Superintendent William Hite has pushed for school turnaround interventions in seven schools this year.  Those plans would dramatically shake-up faculty and administration in those schools.

In October, he called for charter organizations to assume control of three neighborhood schools. Mastery applied for John Wister in Germantown; Global Leadership Academy applied for Samuel Huey in West Philadelphia; and Great Oaks applied for Jay Cooke in Logan.

Hite later rescinded his recommendation about Wister, but the School Reform Commission decided to continue the process anyway. It will vote on each next month.

Last week, Hite announced that he also wants the district to perform internal turnarounds at four elementary schools. At those, all faculty will need to reapply for their jobs, and no more than half of the teachers will be allowed to return.

The selected elementaries — Roosevelt in Germantown, S. Weir Mitchell in Southwest Philadelphia, E.W. Rhodes in Swampoodle, and Munoz-Marin in Fairhill would receive added resources that are contingent on a boost in state aid.

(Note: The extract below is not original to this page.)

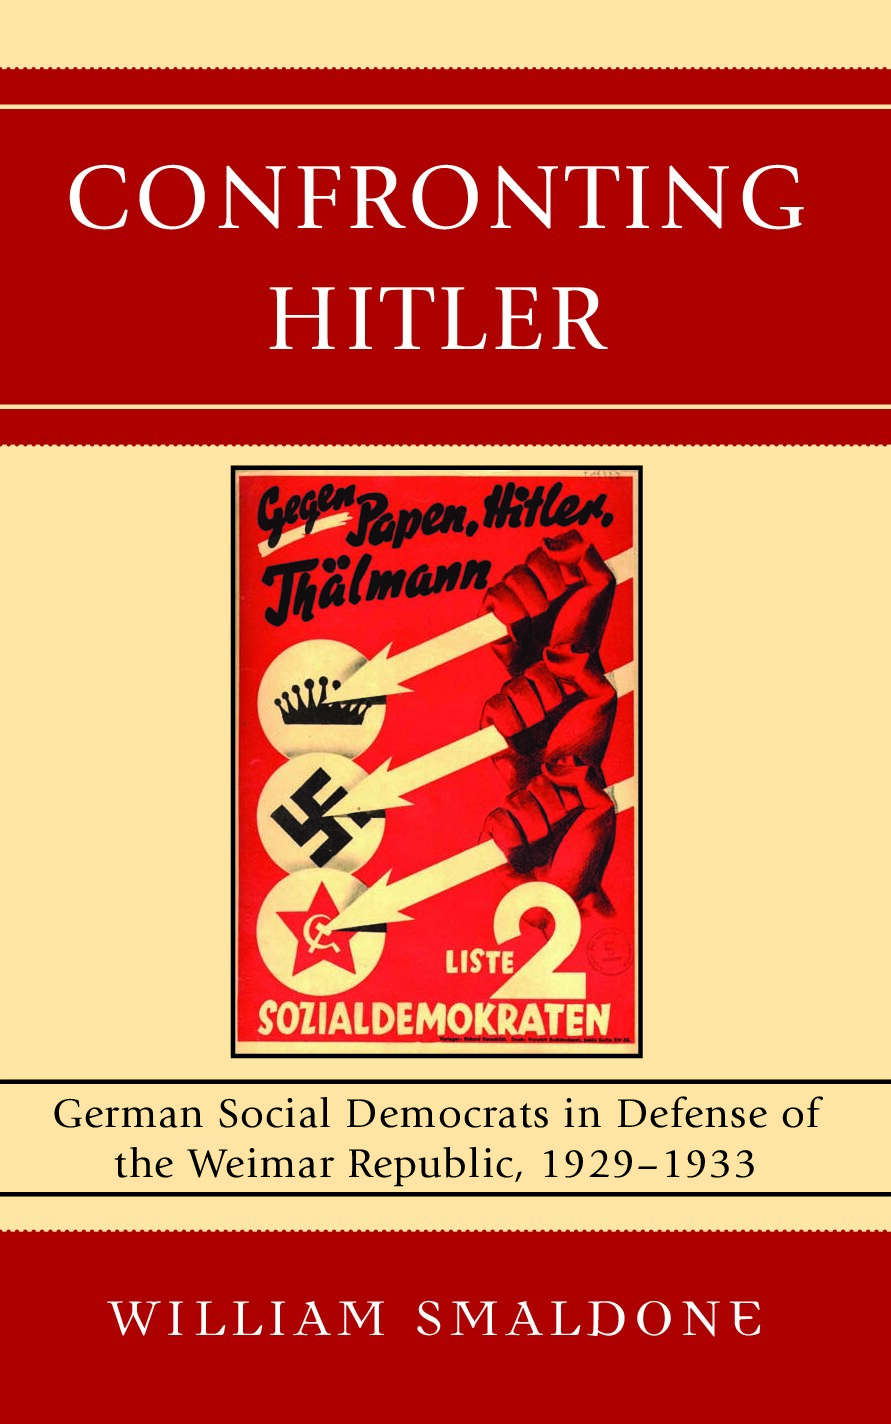 Confronting Hitler : German Social Democrats in Defense of the Weimar Republic, 1929-1933

Each has already seen major staffing changes, grade reconfigurations or both in recent years.

Daniel Symonds is one of the 33 new teachers who came to Munoz-Marin in 2014. That year, the district’s failed bid to convert the school into a charter run by Aspira pushed half of the staff to seek placements elsewhere.

“I don’t think any educator worth their salt thinks this turnaround plan at Marin – which is going to gut the staff again – is going to solve the issues at our school,” he said.

In the business on the agenda last night: The SRC approved $15.5 million in capital upgrades, mainly for extensive repairs and renovations at four district schools. Nearly $7 million will go to the soon-to-be shuttered Leeds middle school — which will reopen as Hill-Freedman’s new grades 6-12 magnet school campus in the Fall.

The commission also agreed to pay $750,000 to whistleblower Francis X. Dougherty. He lost his job in 2010 after speaking out against former superintendent Arlene Ackerman’s move to steer a no-bid contract for school surveillance cameras to a preferred vendor.

Conversion debates aside, the more than eight months overdue state budget hung like a backdrop to the night’s proceedings.

In an interview after the meeting, SRC Chair Marge Neff said the standoff between Gov. Tom Wolf and the Republican-held state legislature has gone on too long.

The district has borrowed more than $500 million to keep its operations running, and it’s still left without enough cash to finish the school year.

“Nobody has to give in,” she said, “Both of them have to move to the middle.”